> **What you have to do**
Could you set down the listing below exactly and omit its images?

> **Information shown**

··········

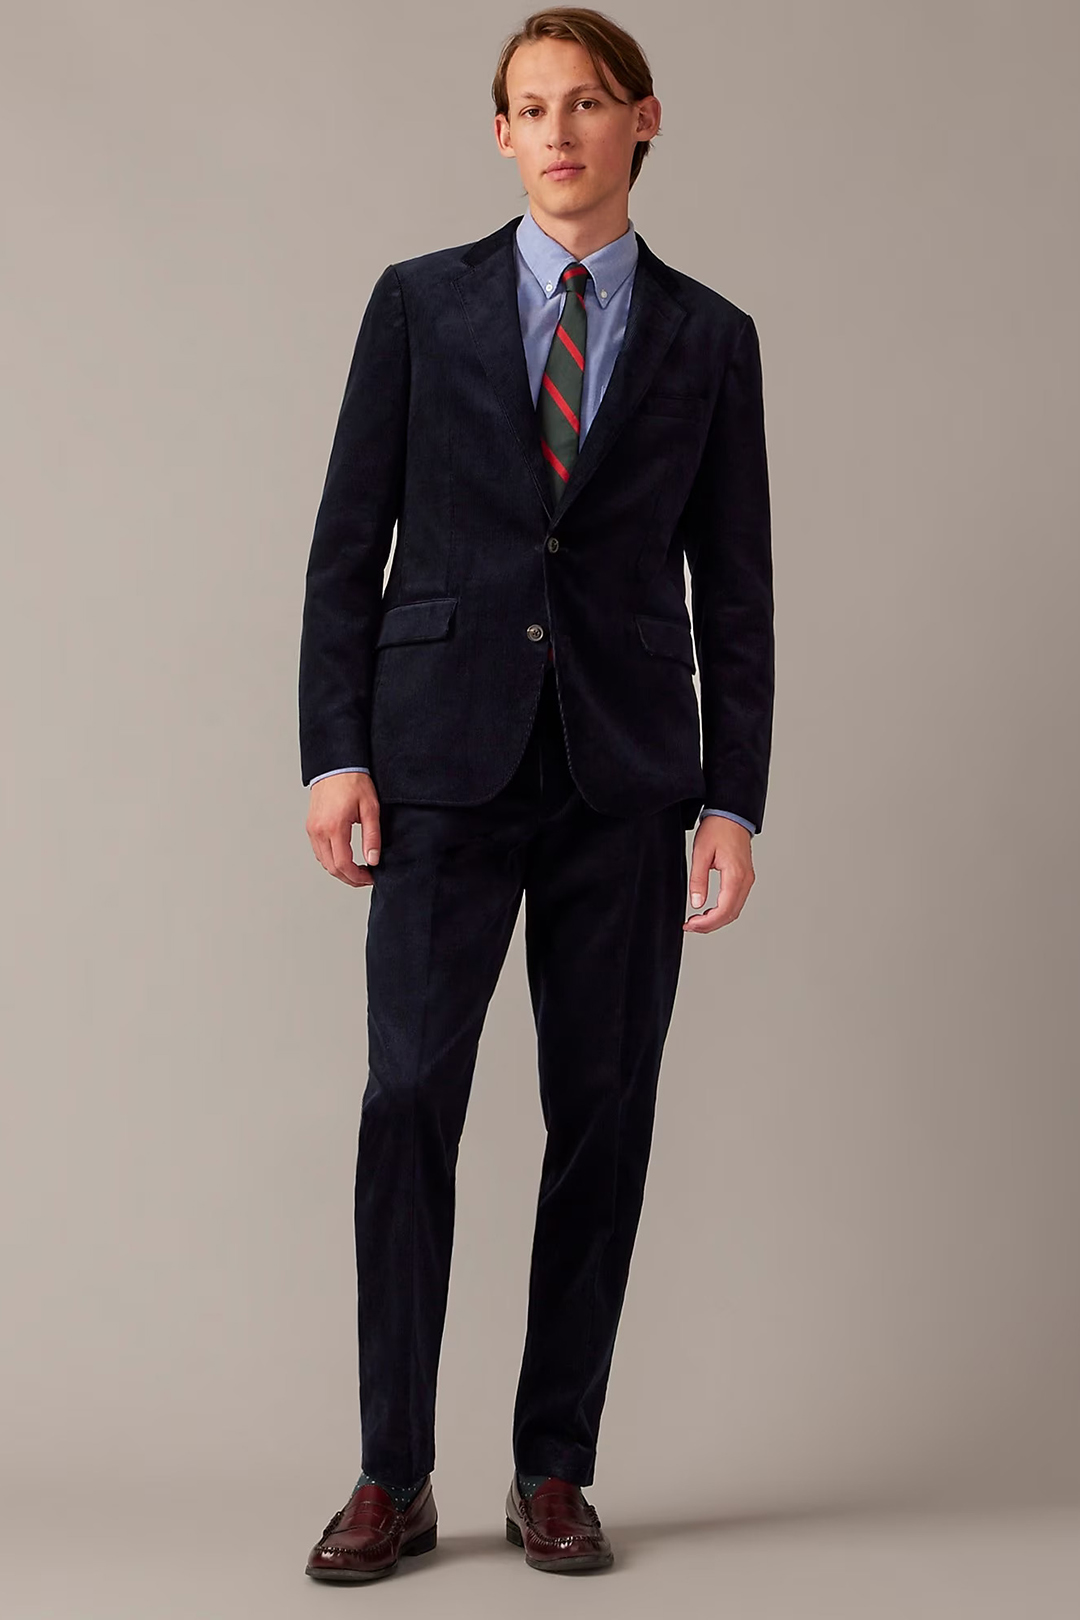 Navy corduroy suit, blue button-down shirt, green and red striped tie, and oxblood penny loafers outfit
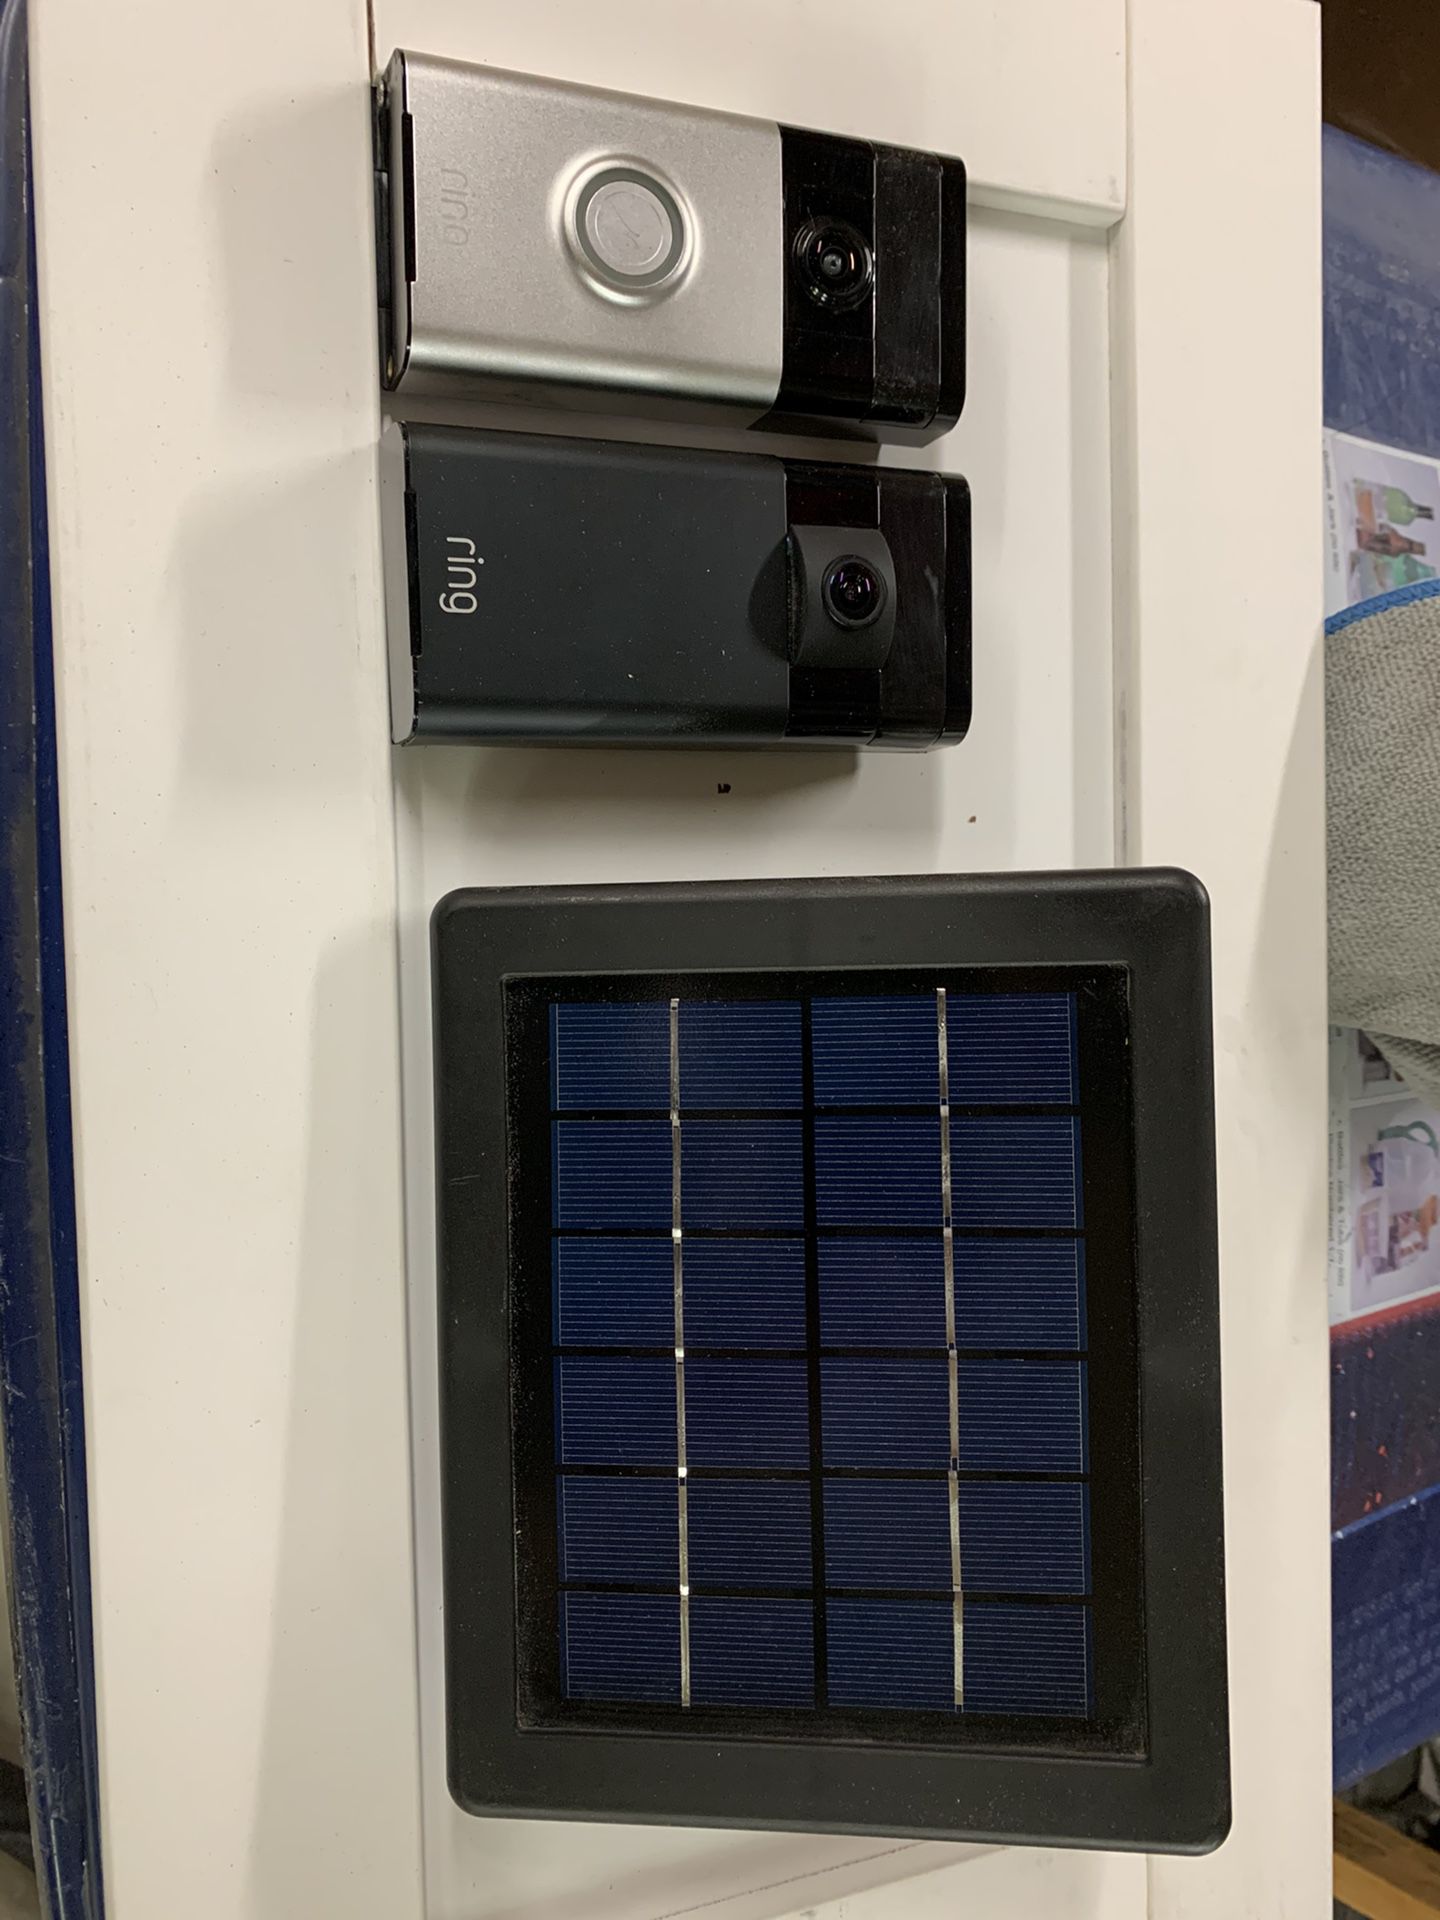 Ring and stick up cam with solar panel
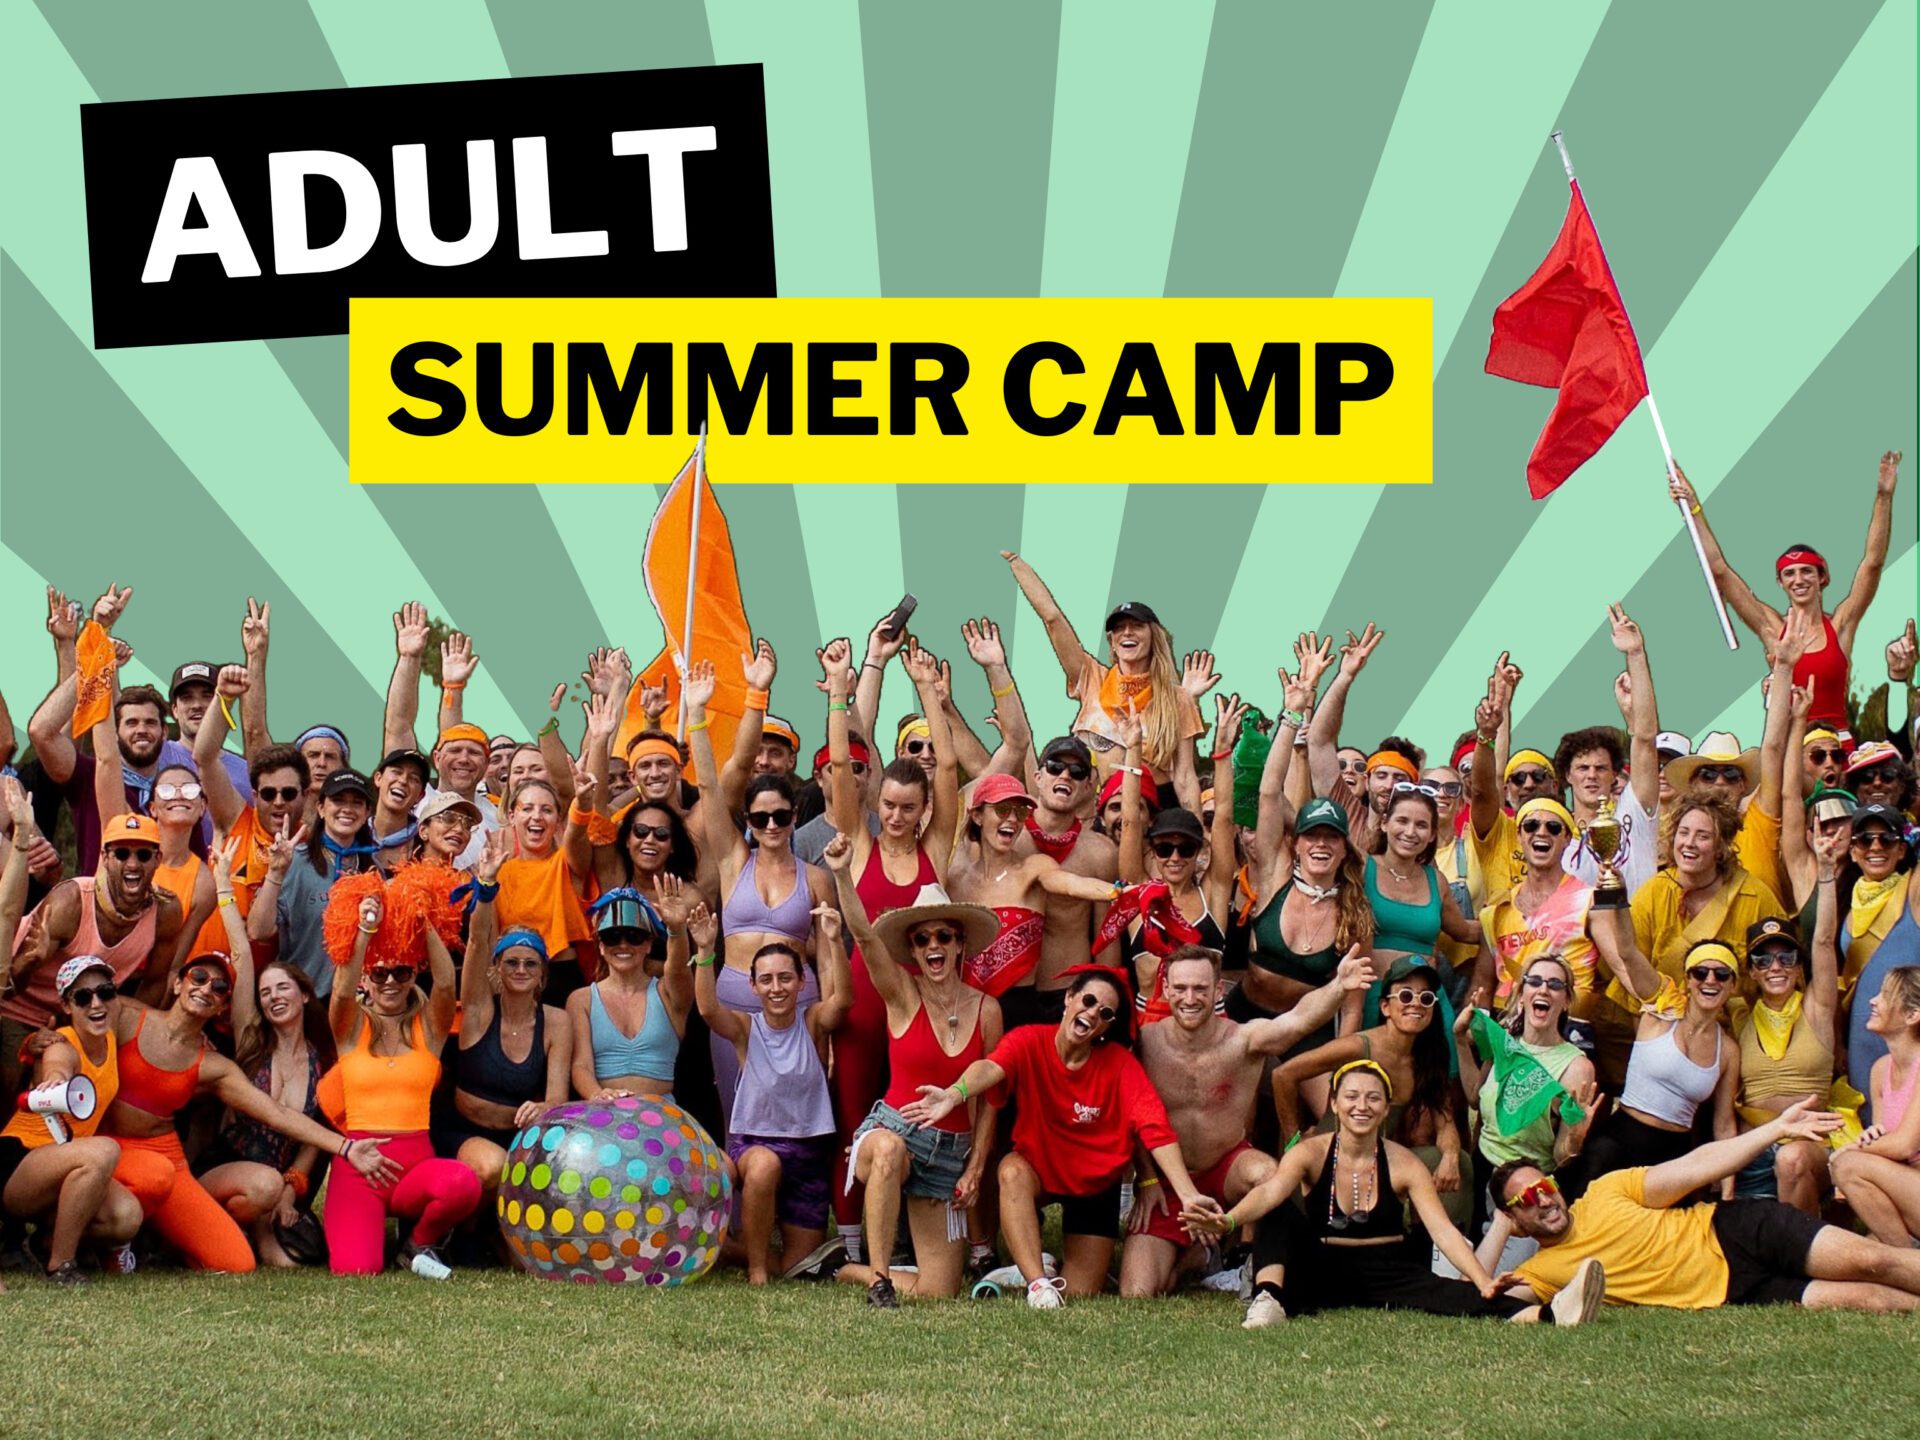 31 Summer Camp Activities for Adults

··········

> **Result for this exercise**
 Navy corduroy suit, blue button-down shirt, green and red striped tie, and oxblood penny loafers outfit
 Ring and stick up cam with solar panel
 31 Summer Camp Activities for Adults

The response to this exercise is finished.